I hope any and all of you reading this are relatively healthy, relatively sane. Here at blog HQ in Brooklyn, NY, it’s been a ride, and will continue to be one.

What else can can I tell you? It turns out that the level of stress is a magical way to figure out what kinds of books you truly love. Like a magical stone (that I, of course, can’t remember the name of right now) it will reveal all. Here’s how:

Try to read a book. If you keep putting it down, it cannot save you, and you must let it fly free. But!
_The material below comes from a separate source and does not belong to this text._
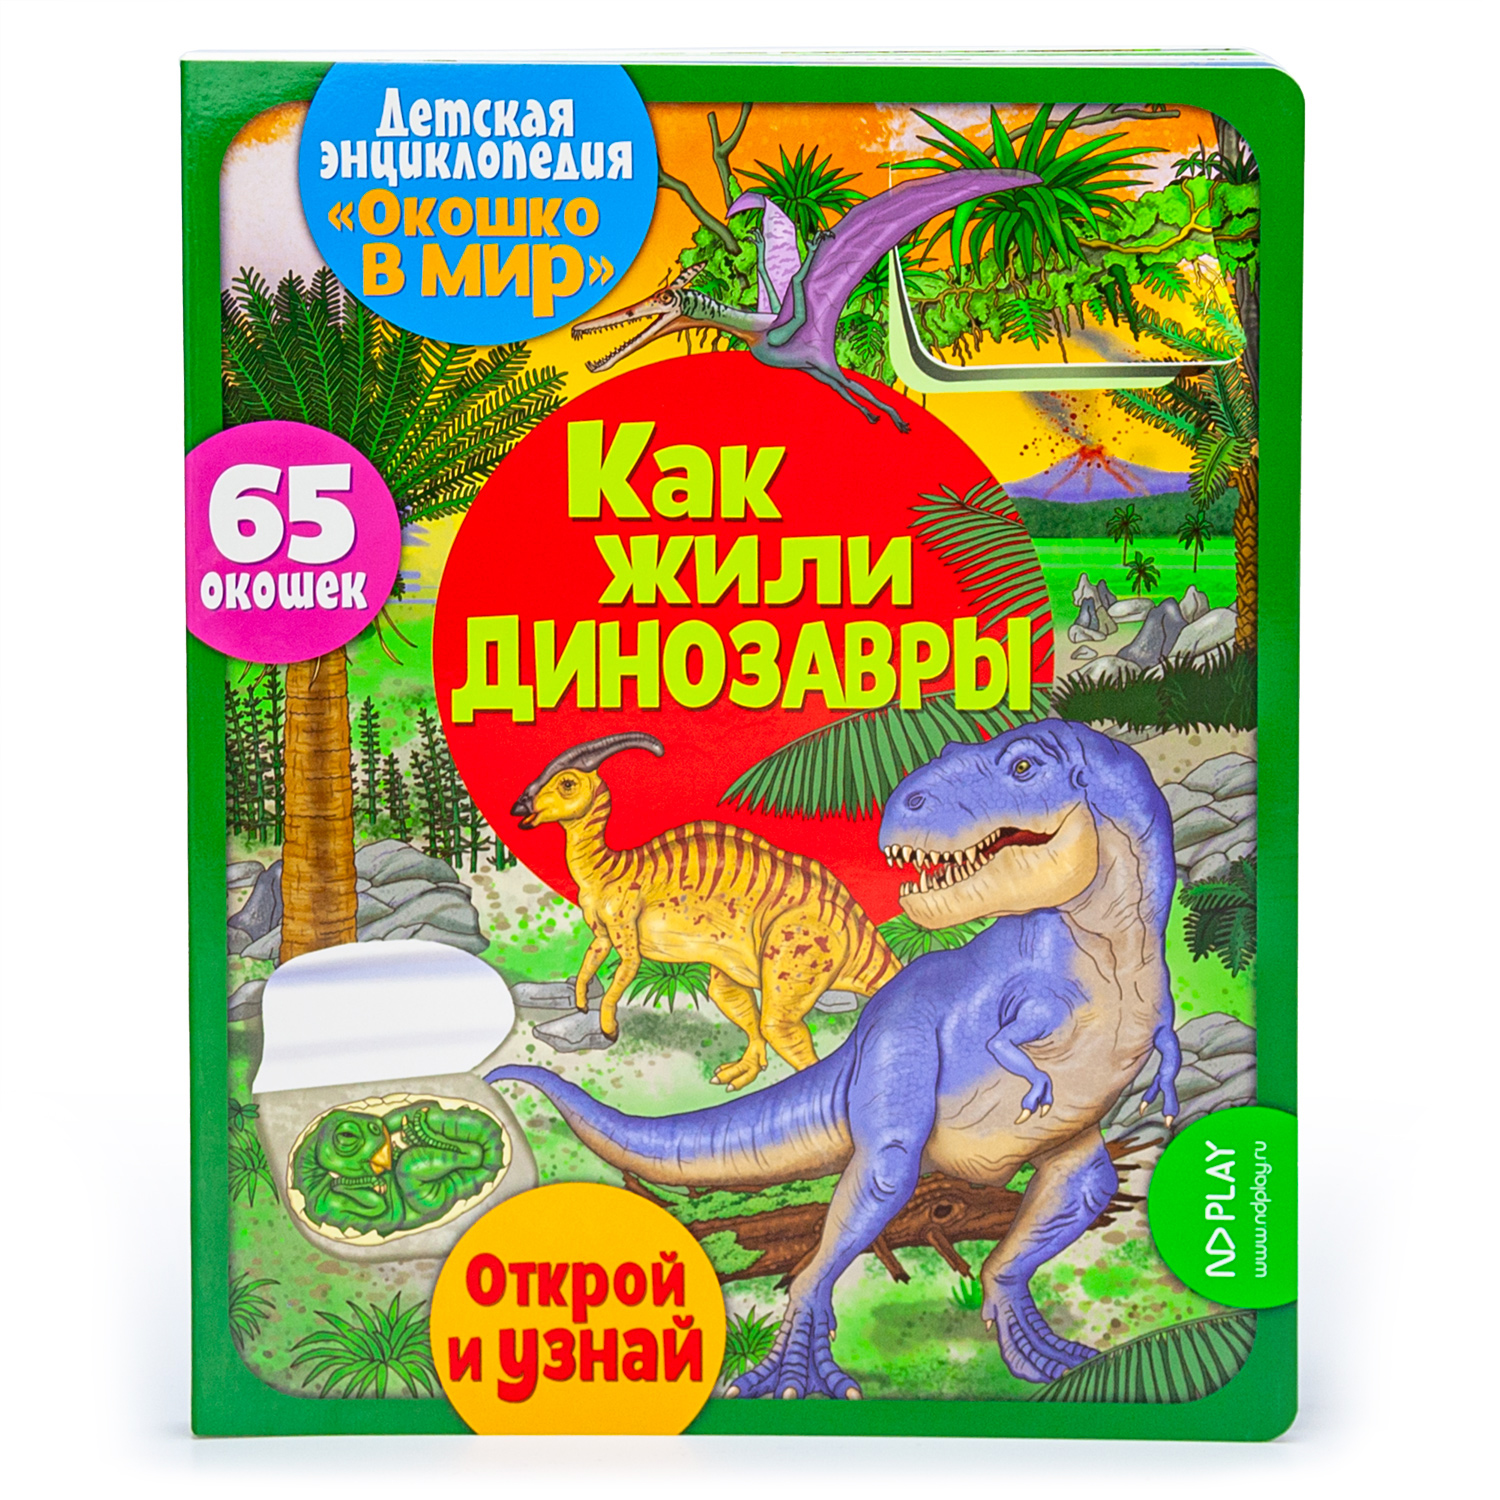 Книга ND PLAY Окошко в мир Как жили динозавры - фото 1
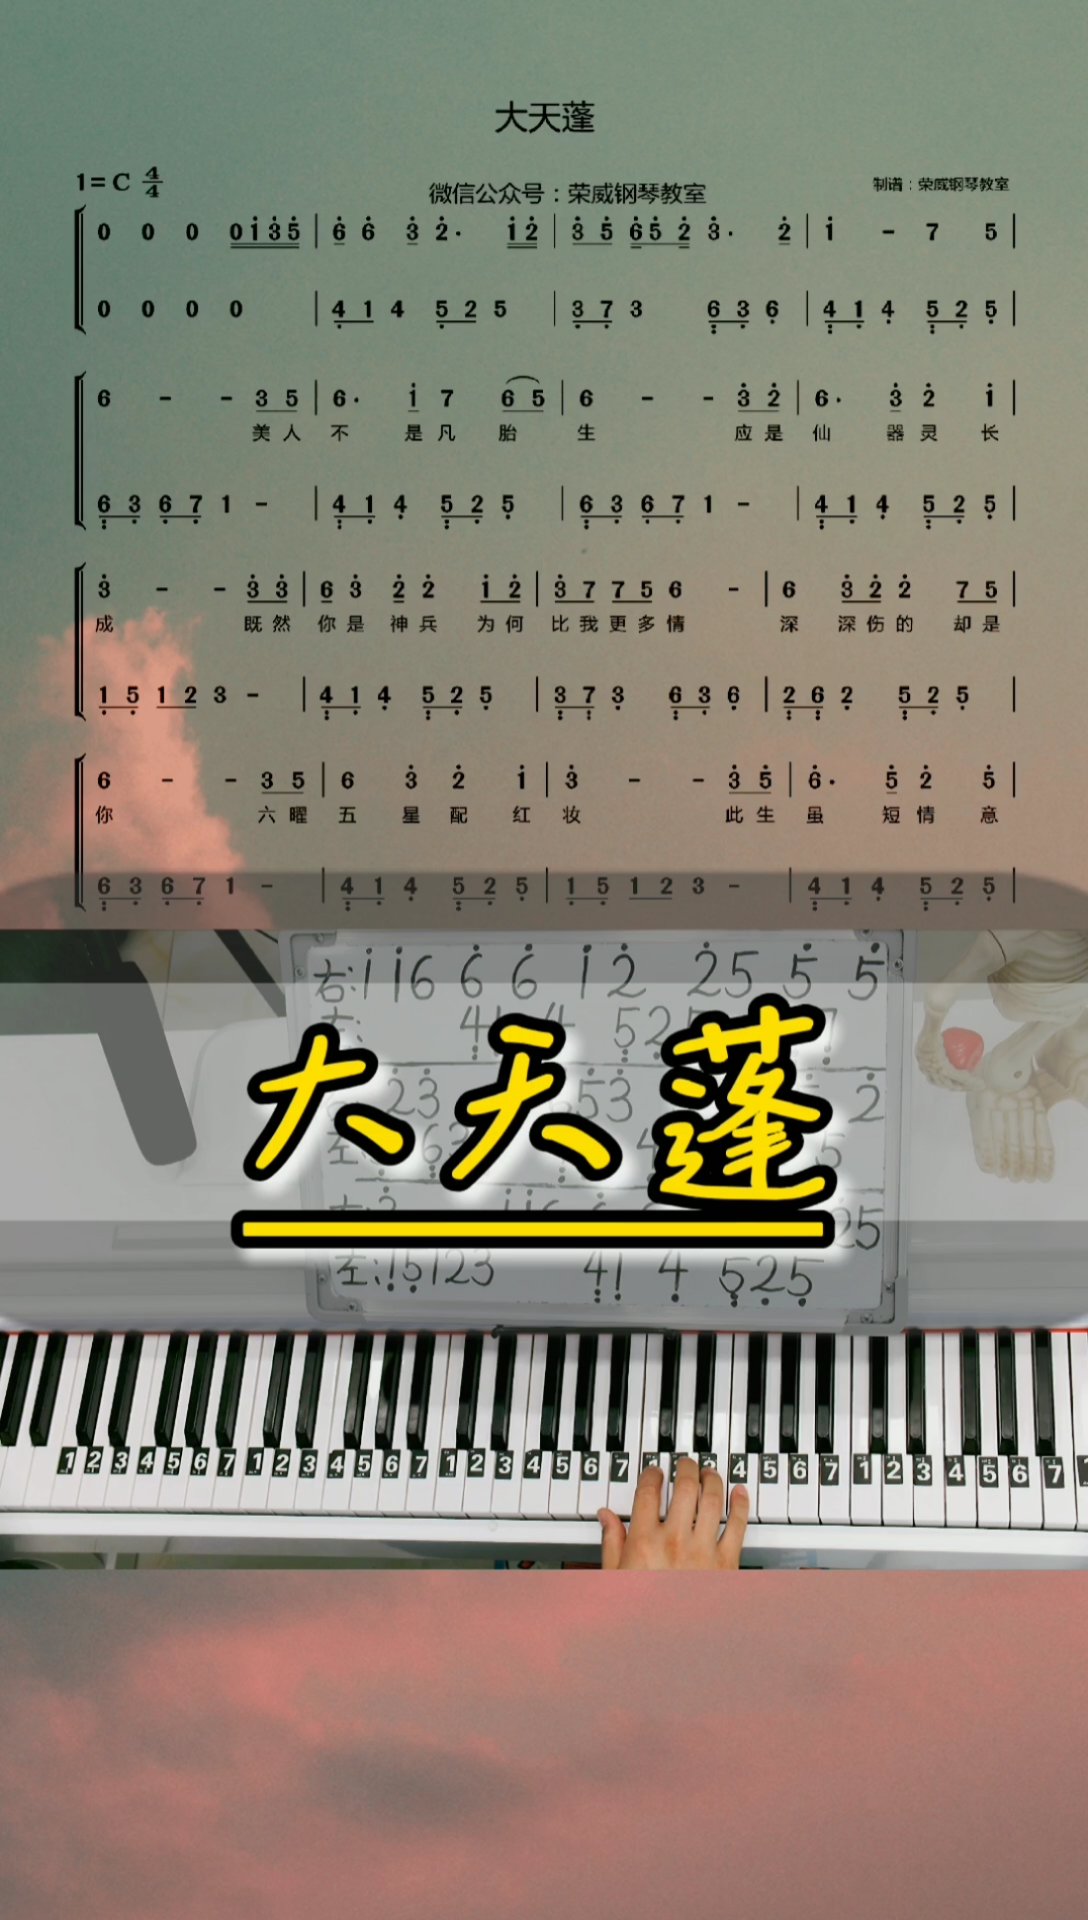 大天蓬简谱 钢琴图片

If you fall deeper and deeper in, until the ceiling hangs with vines and the walls become the world all around (thanks, Maurice), then it is the kind of book you must continue to seek out, because it is the only thing (as far as I can tell) that will save you. Quarantine reading must be without shame or showing off, only with the hope of sanctuary (or at least, you know, a bit of fun).

So, some books you might think about:

The Broken Earth Trilogy, by N. K. Jemisin (Chestnut, for you old-timers, LOVED it.) Crazy feminist sci-fi, apocalyptic but not our particular apocalypse.

The Last Widow by Karin Slaughter This was just the kind of silly hero action I needed—like a blockbuster movie but without the toxic masculinity.

The Blessing Way by Tony Hillerman I thought I had read all the old guy mysteries. But I had not, and this was perfect and strange and wonderful.

The Glass Hotel by Emily St. John Mandel Oh, so mournful and quiet and compelling. I wish I could unread it so as to read it again for the first time.

I hope you are all fine. I hope you are finding ways to support your bookstores and each other. I hope I write again soon with more books that are transporting.